Did you watch the new one that was on Monday night.

Its the first time I've actually heard it, Mike said 40 something hours labour.
So work that out at your local garages hourly rate


----------



## Steve_6R

I like watching WD but I only take it at face value. Ed China is clearly a knowledgeable dude, and his segments are by far my favourite bits of the show.

I'll own up to binge watching quite a few episodes when Quest do their WD marathons


----------



## bidderman1969

i like the show, learn stuff from it too.

remember the 914 episode "barn find", interesting, doing work on the car then suddenly notice brand new discs and pads fitted to the car without m=any mention of them, lol (IIRC that is, will watch it again when i can lol).

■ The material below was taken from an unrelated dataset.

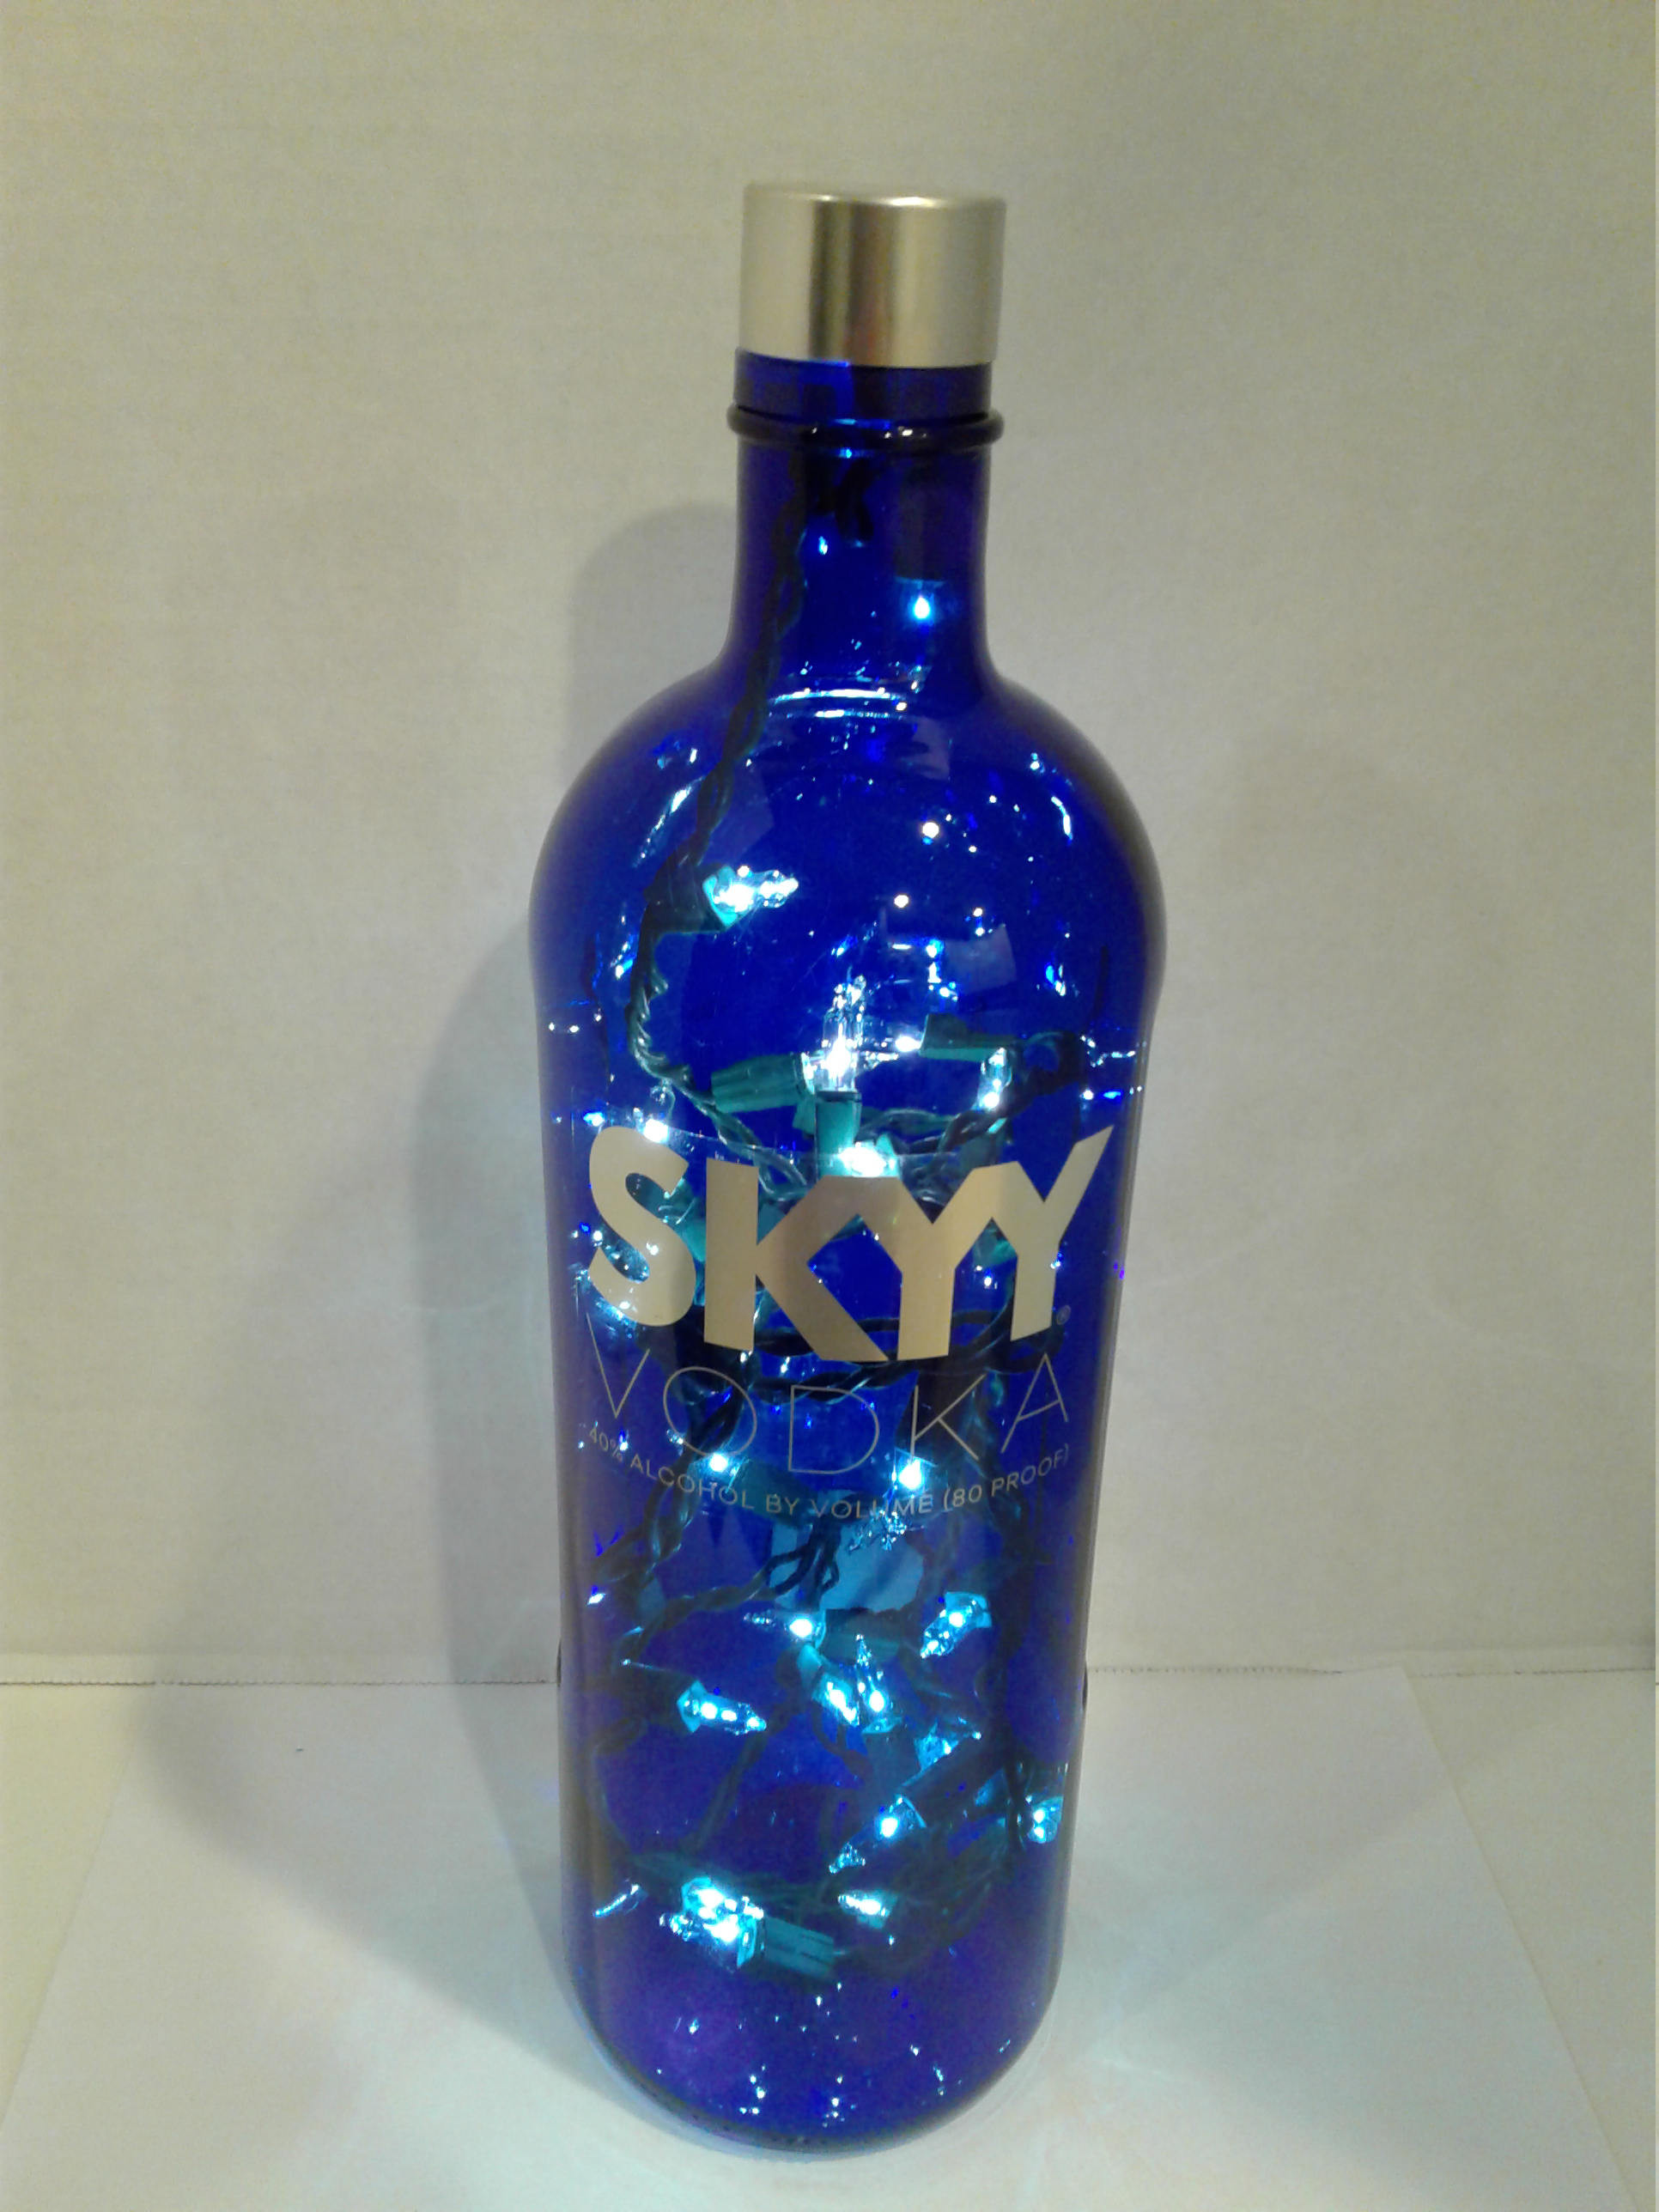 Cobalt Blue Glass Vases and Bottles Of Blue Upcycled Skyy Vodka Wine Bottle Luminary Magnum Etsy In Dzoom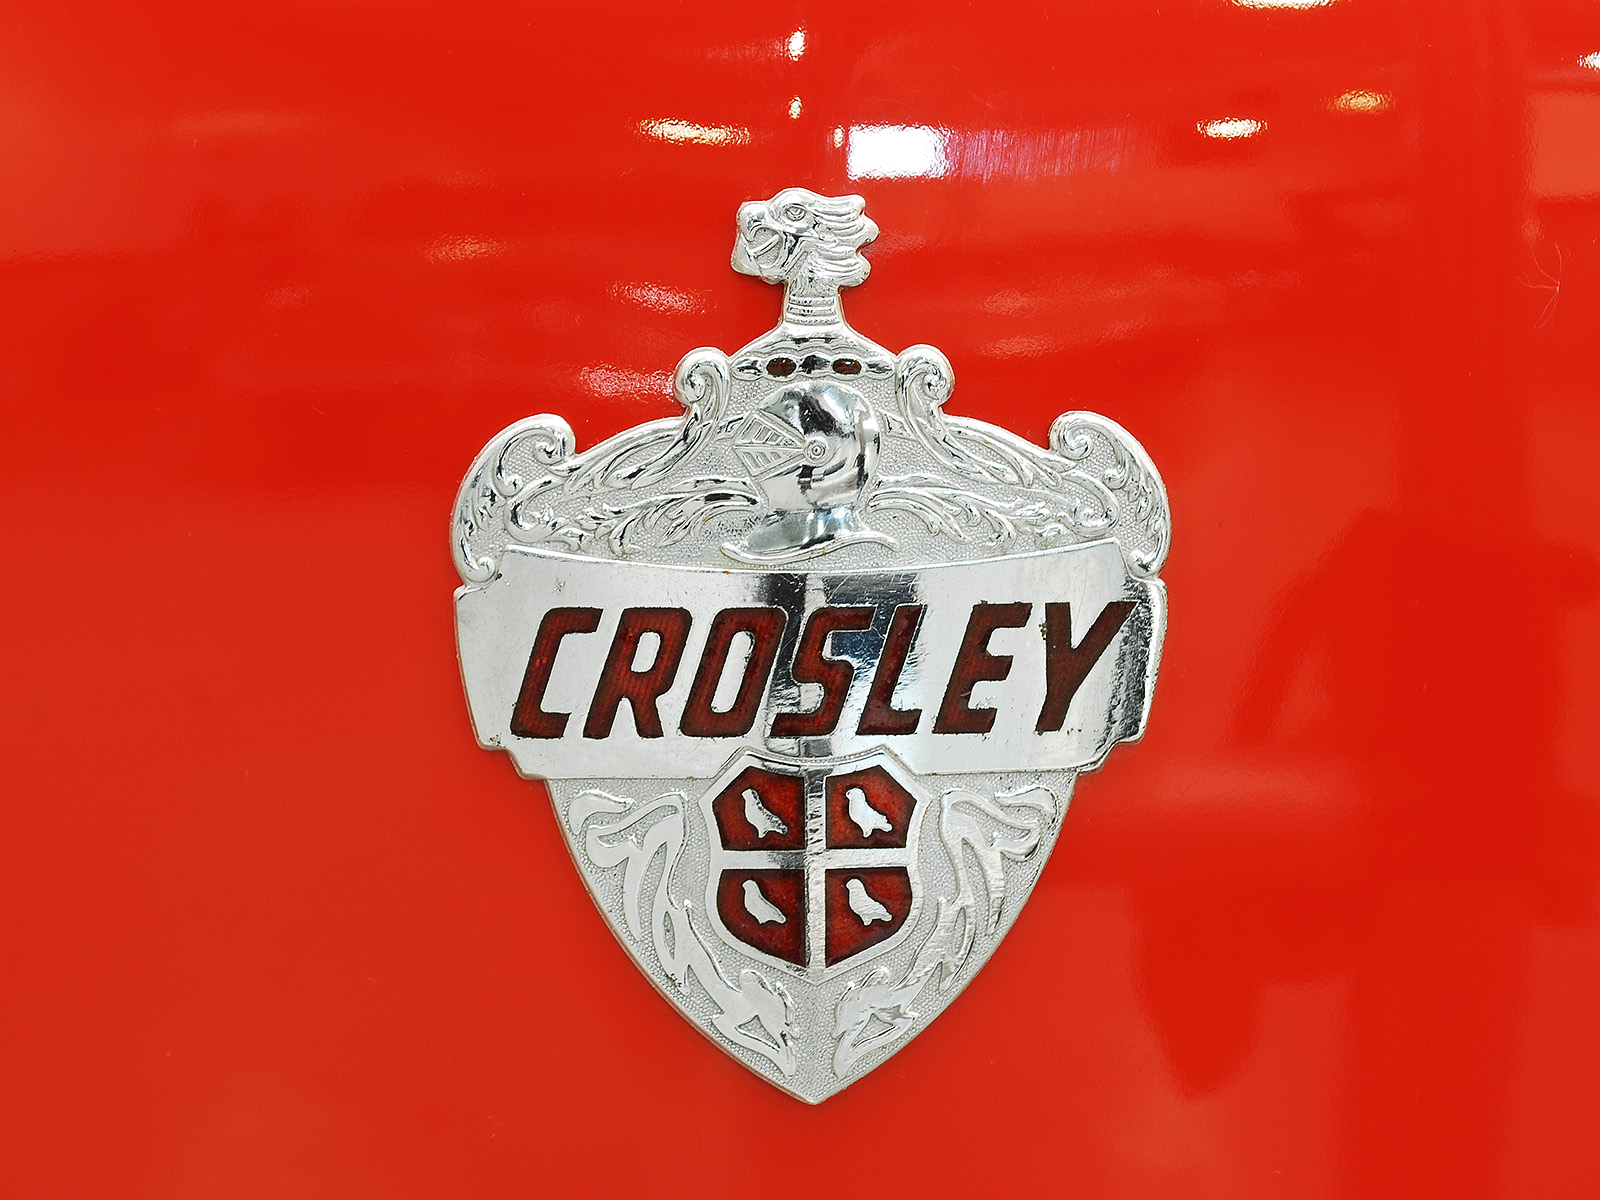 1947 crosley cc

done this before myself, but a car cheap, do it up and sell it on, i have made a bit out of it, but not enough to do it as a full time job! lol

will post up my latest ones when they're all done and dusted, list all costs, and what i make out of it in the end, no BS added, if you guys like? 

:thumb:


----------



## rob267

bidderman1969 said:


> i like the show, learn stuff from it too.
> 
> remember the 914 episode "barn find", interesting, doing work on the car then suddenly notice brand new discs and pads fitted to the car without m=any mention of them, lol (IIRC that is, will watch it again when i can lol).
> 
> done this before myself, but a car cheap, do it up and sell it on, i have made a bit out of it, but not enough to do it as a full time job! lol
> 
> will post up my latest ones when they're all done and dusted, list all costs, and what i make out of it in the end, no BS added, if you guys like?
> 
> :thumb:


Yeah i would be interested in your wheeler dealering. Post a thread when ready mate. 😀

Sent from my SM-G920F using Tapatalk


----------



## Starbuck88

Did you see the bird on last nights episode selling 'Trucky'....jeepers.


----------



## Clancy

The issue doing this yourself is the costs they don't state as said 

To buy a car cheap enough to get a profit may be far away, so you either need to be able to trailer it at cost or tax and insure it to get it home. Which you'll probably need to do anyone else no one can test drive it. The cost of insuring something short term will eat into profits no end 

If there's only a small mark up on the car then it becomes pointless, and now days finding something you can buy private with a big profit margin is very hard 

Ideally you want trade insurance and trade plates, do enough cars in a year and it'll pay for itself no problem but then you'd technically need to be offering warranty as you would legally be a trader, bit of a minefield really


----------



## transtek

Starbuck88 said:


> Did you see the bird on last nights episode selling 'Trucky'....jeepers.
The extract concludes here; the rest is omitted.